------ INFORMATION PROVIDED
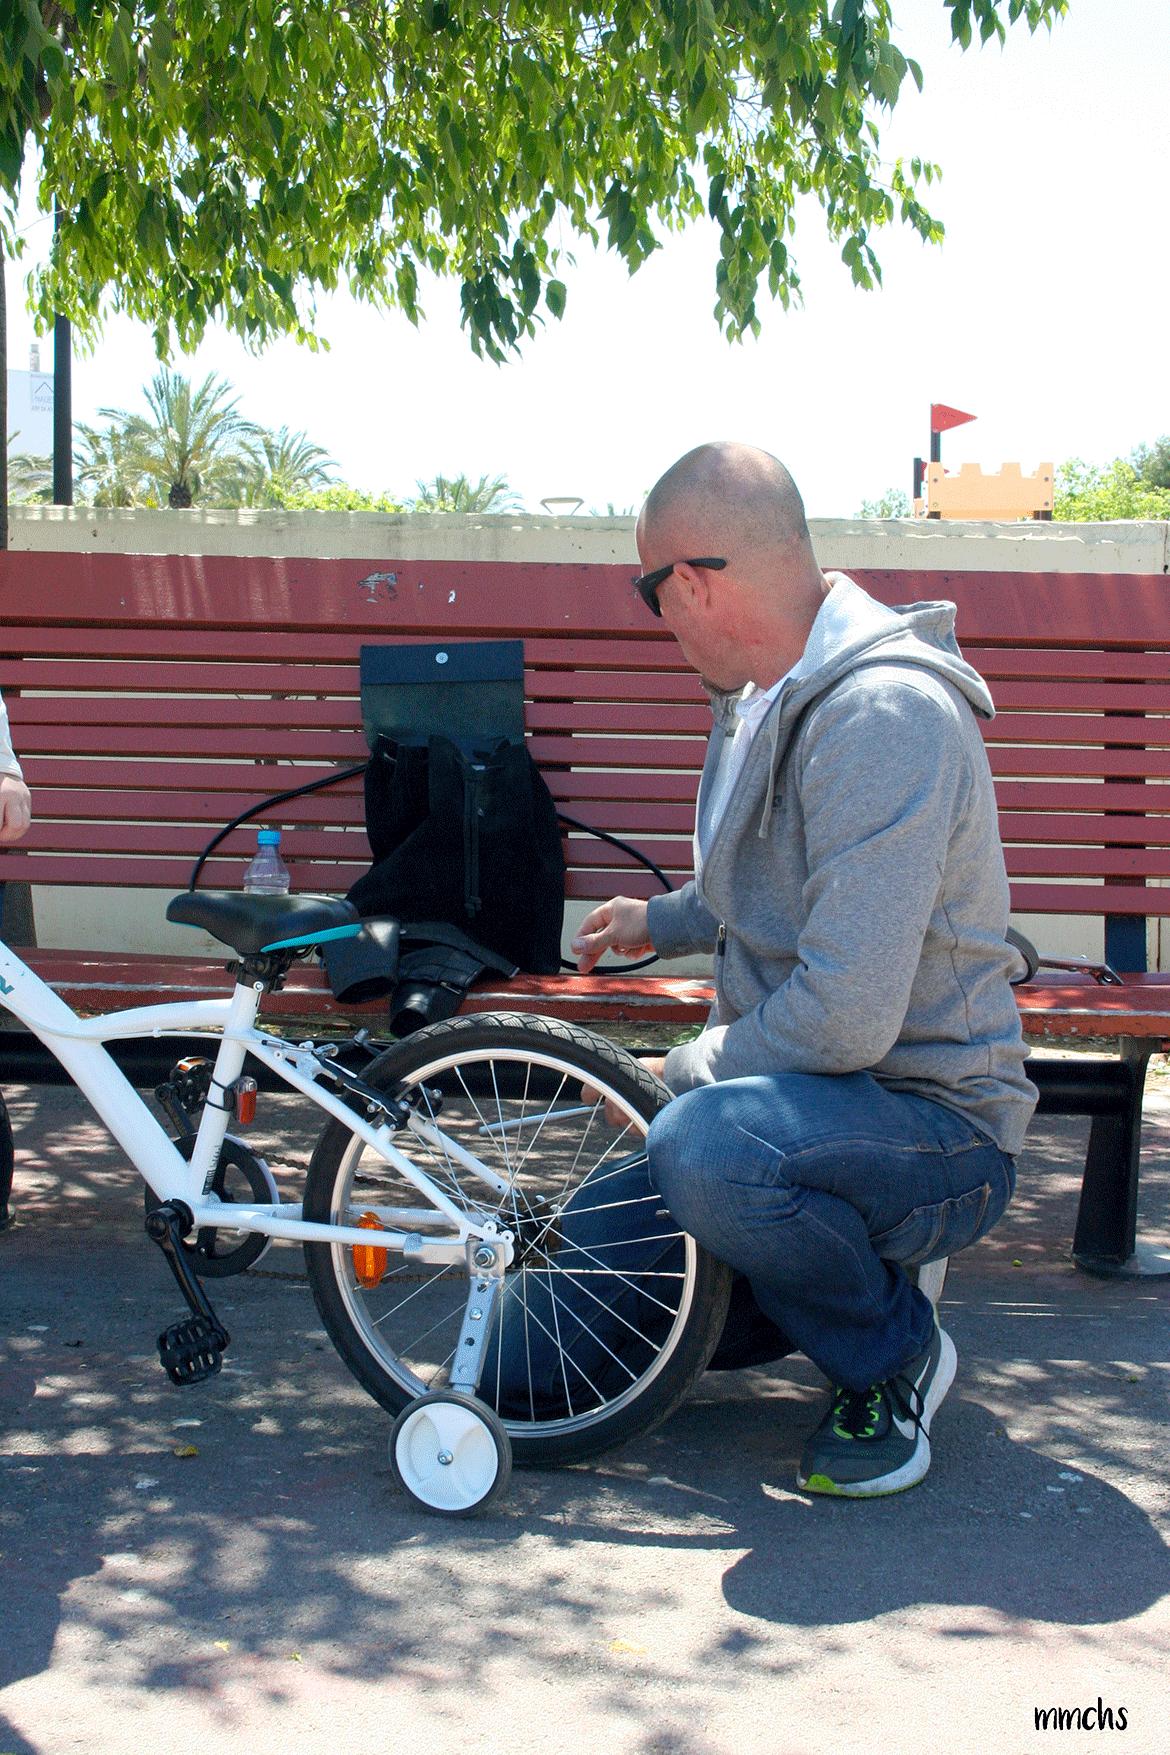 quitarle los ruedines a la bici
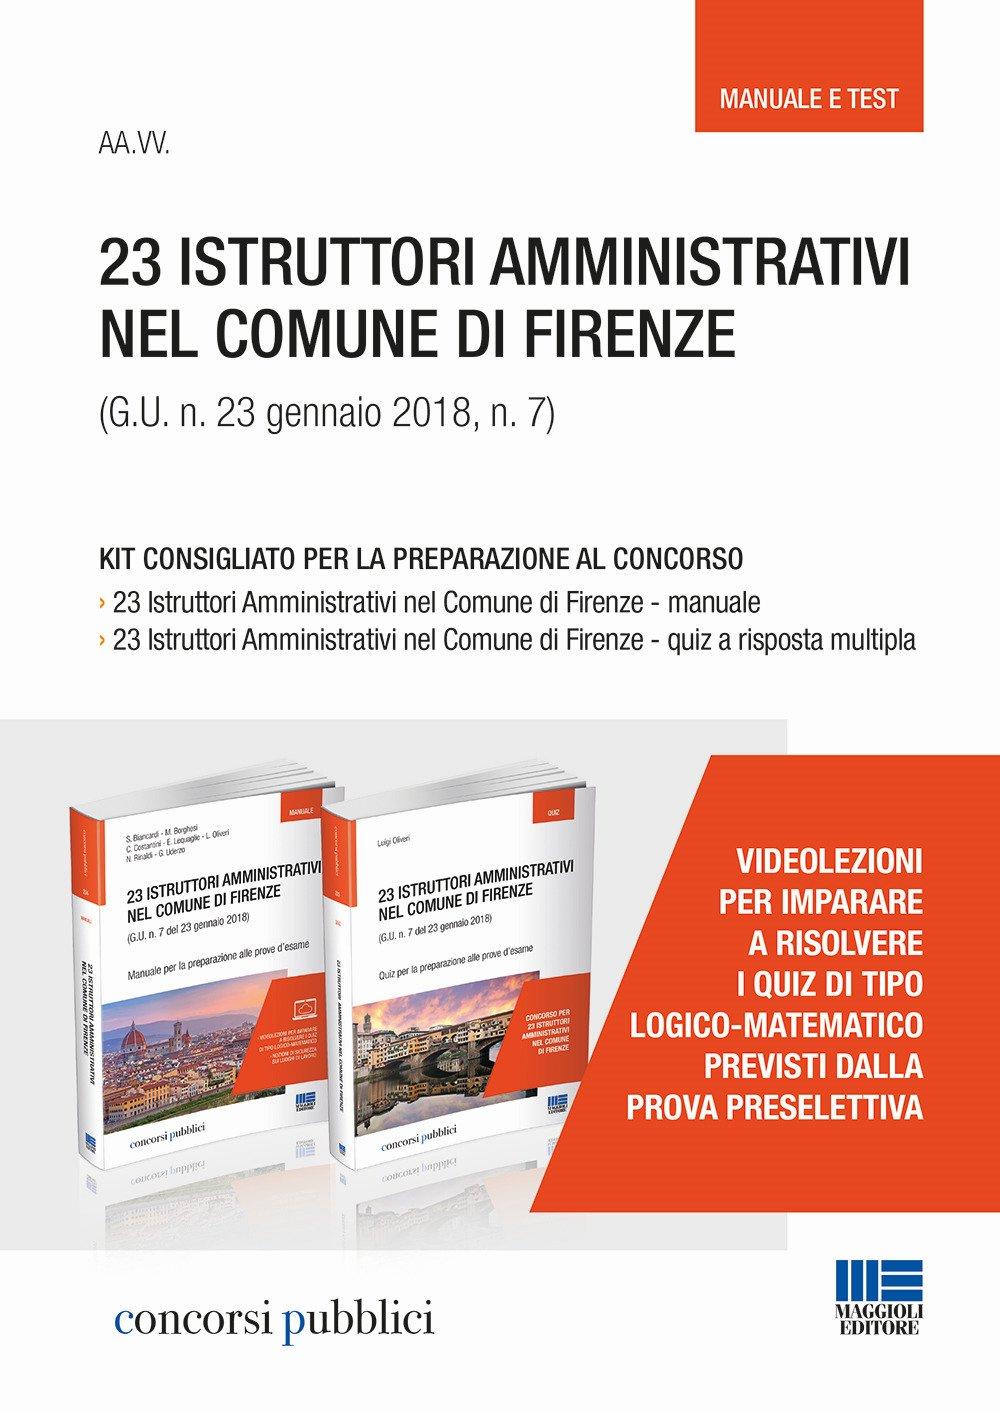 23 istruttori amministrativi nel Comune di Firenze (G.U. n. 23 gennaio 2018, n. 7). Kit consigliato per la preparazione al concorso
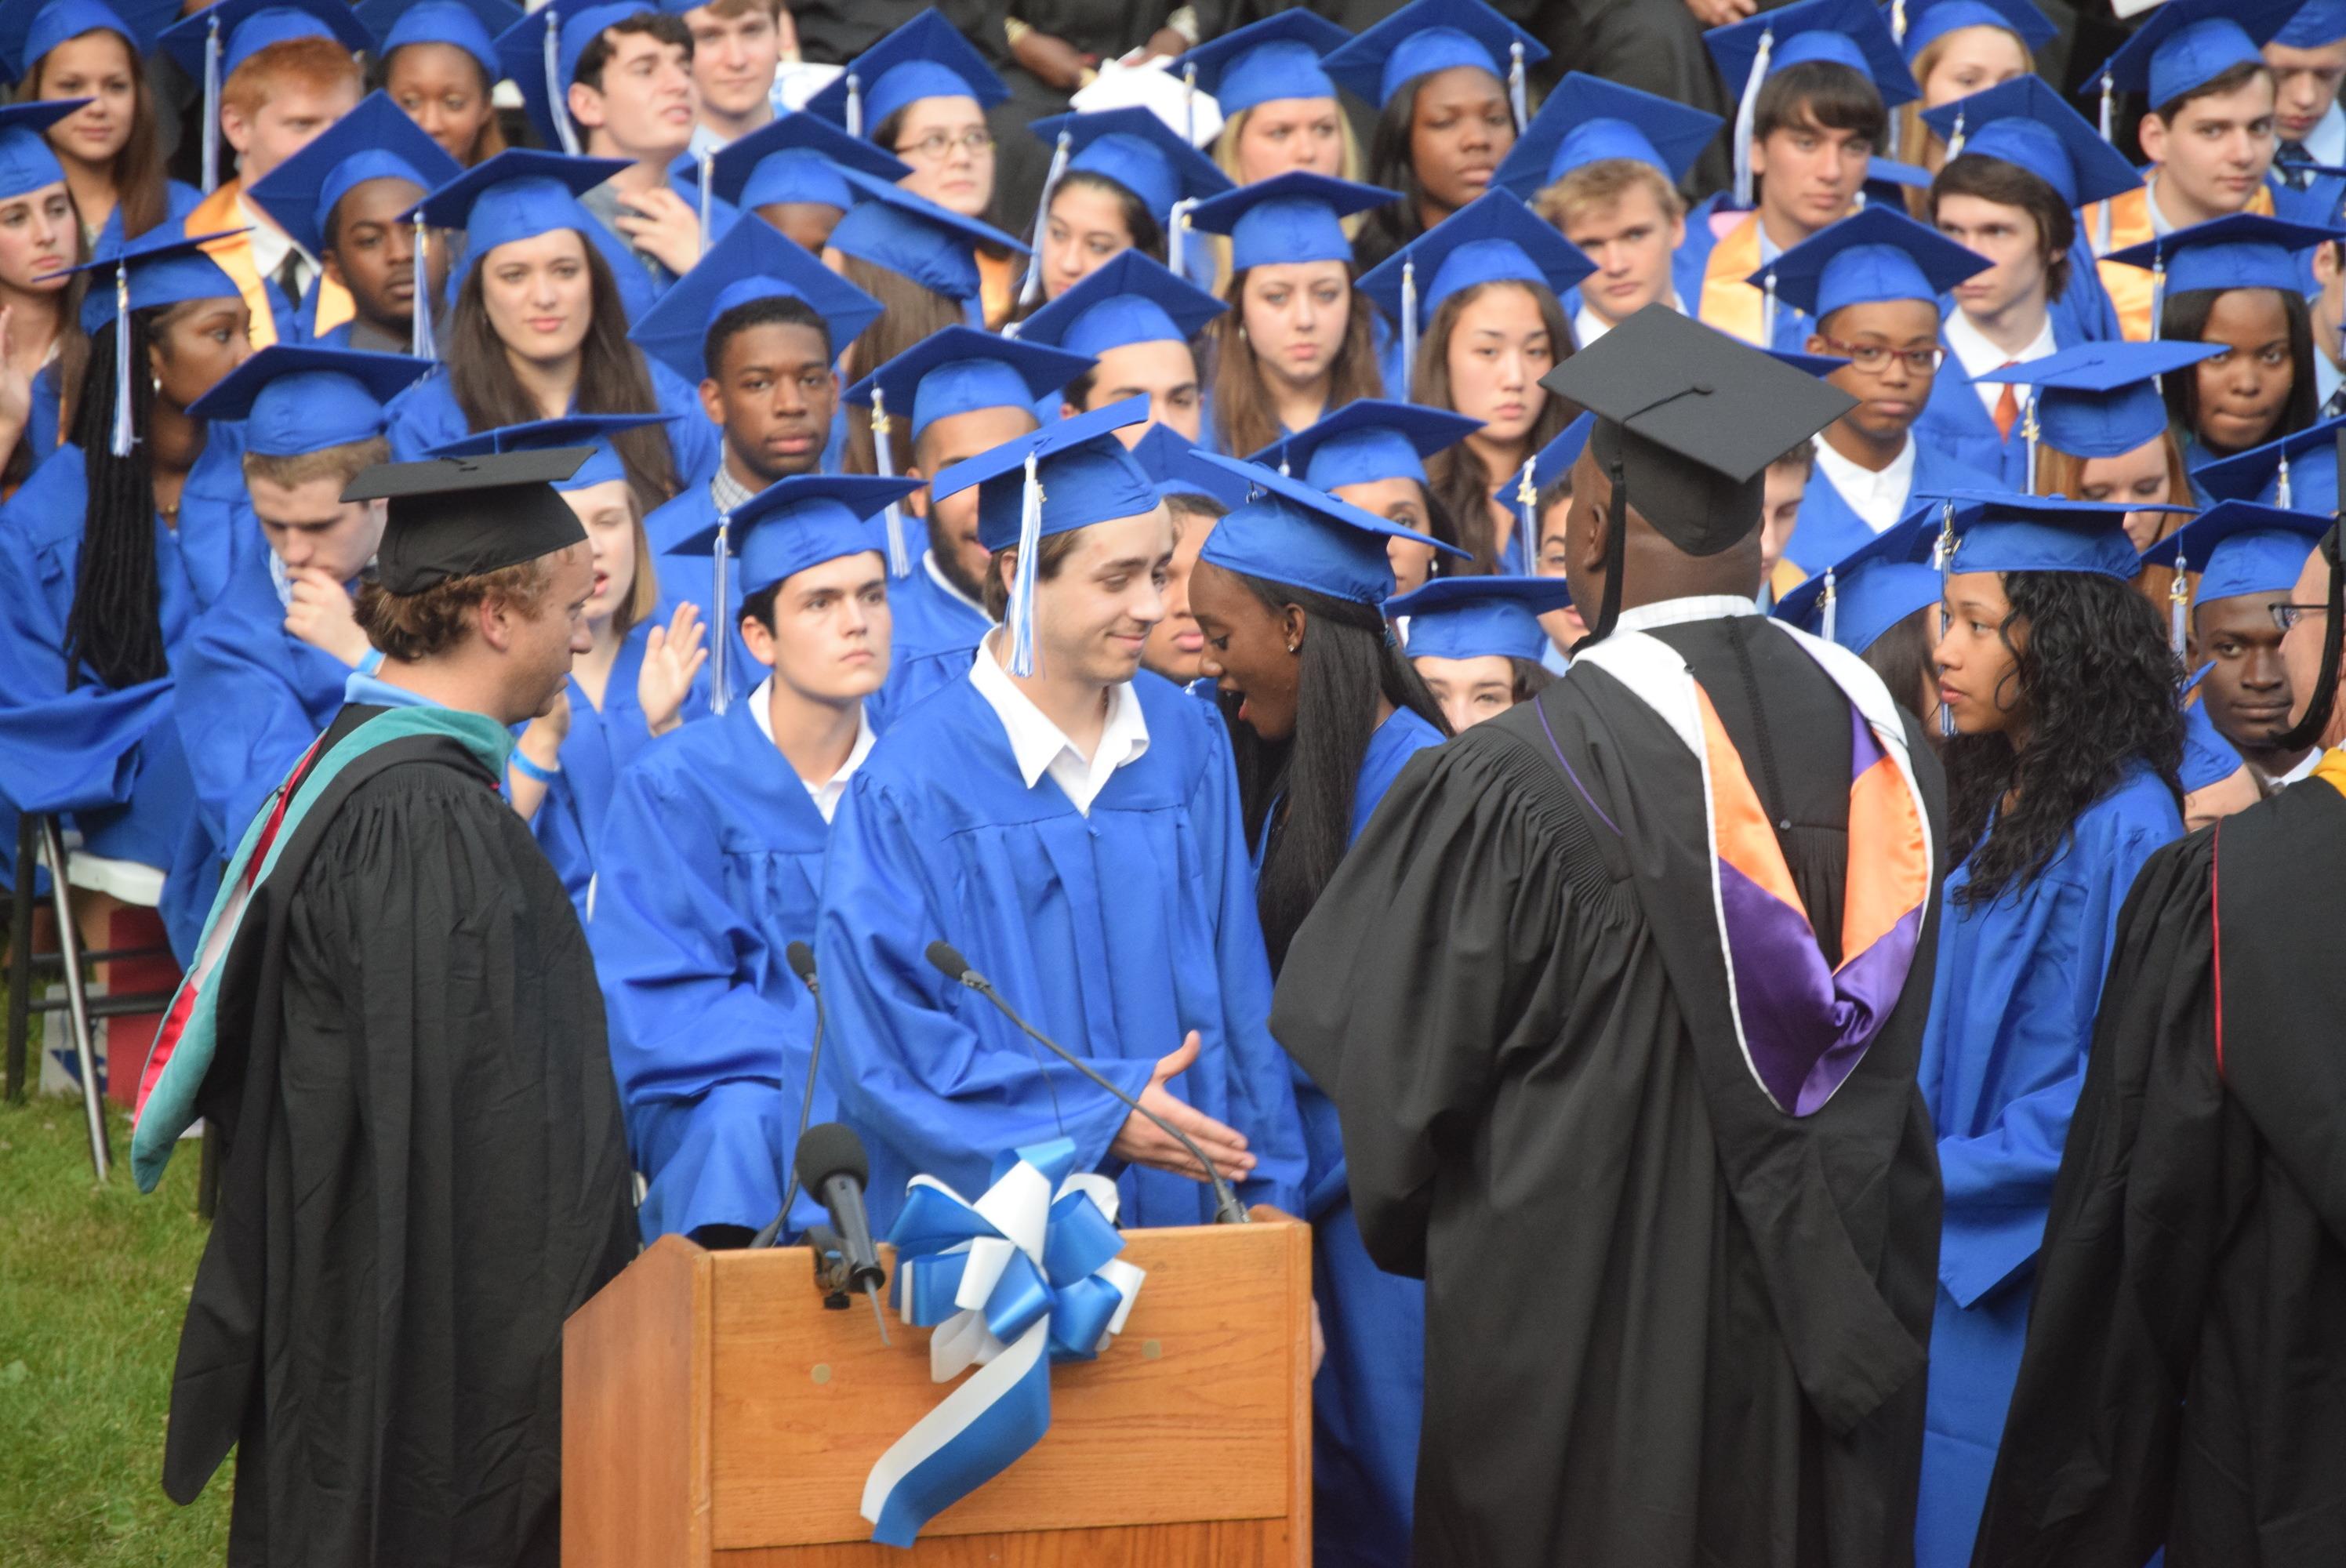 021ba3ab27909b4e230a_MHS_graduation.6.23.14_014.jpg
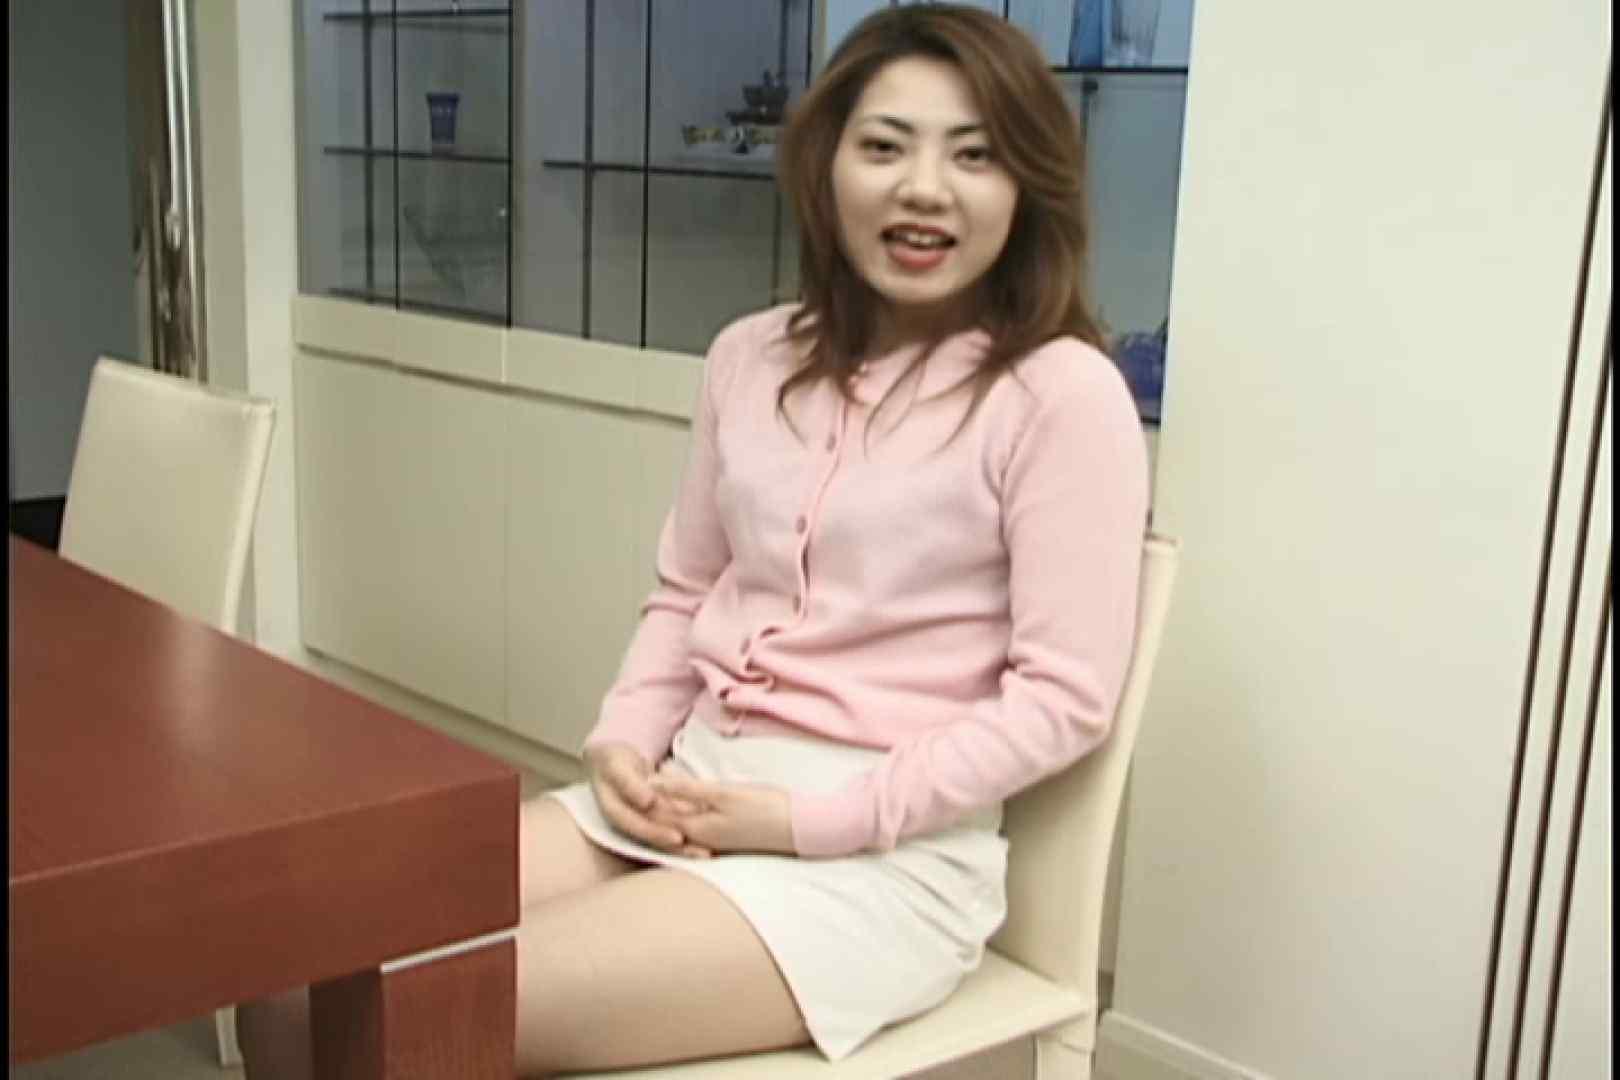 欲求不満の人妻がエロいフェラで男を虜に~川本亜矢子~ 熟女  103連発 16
------------
#### TASK ITEM:
Your task is to write out, exactly and without pictures, only the lines from the one holding "021ba3ab27909b4e230a_MHS_graduation.6.23.14_014.jpg" to the last line of the data.

#### SOLUTION TO THIS TASK:
 021ba3ab27909b4e230a_MHS_graduation.6.23.14_014.jpg
 欲求不満の人妻がエロいフェラで男を虜に~川本亜矢子~ 熟女  103連発 16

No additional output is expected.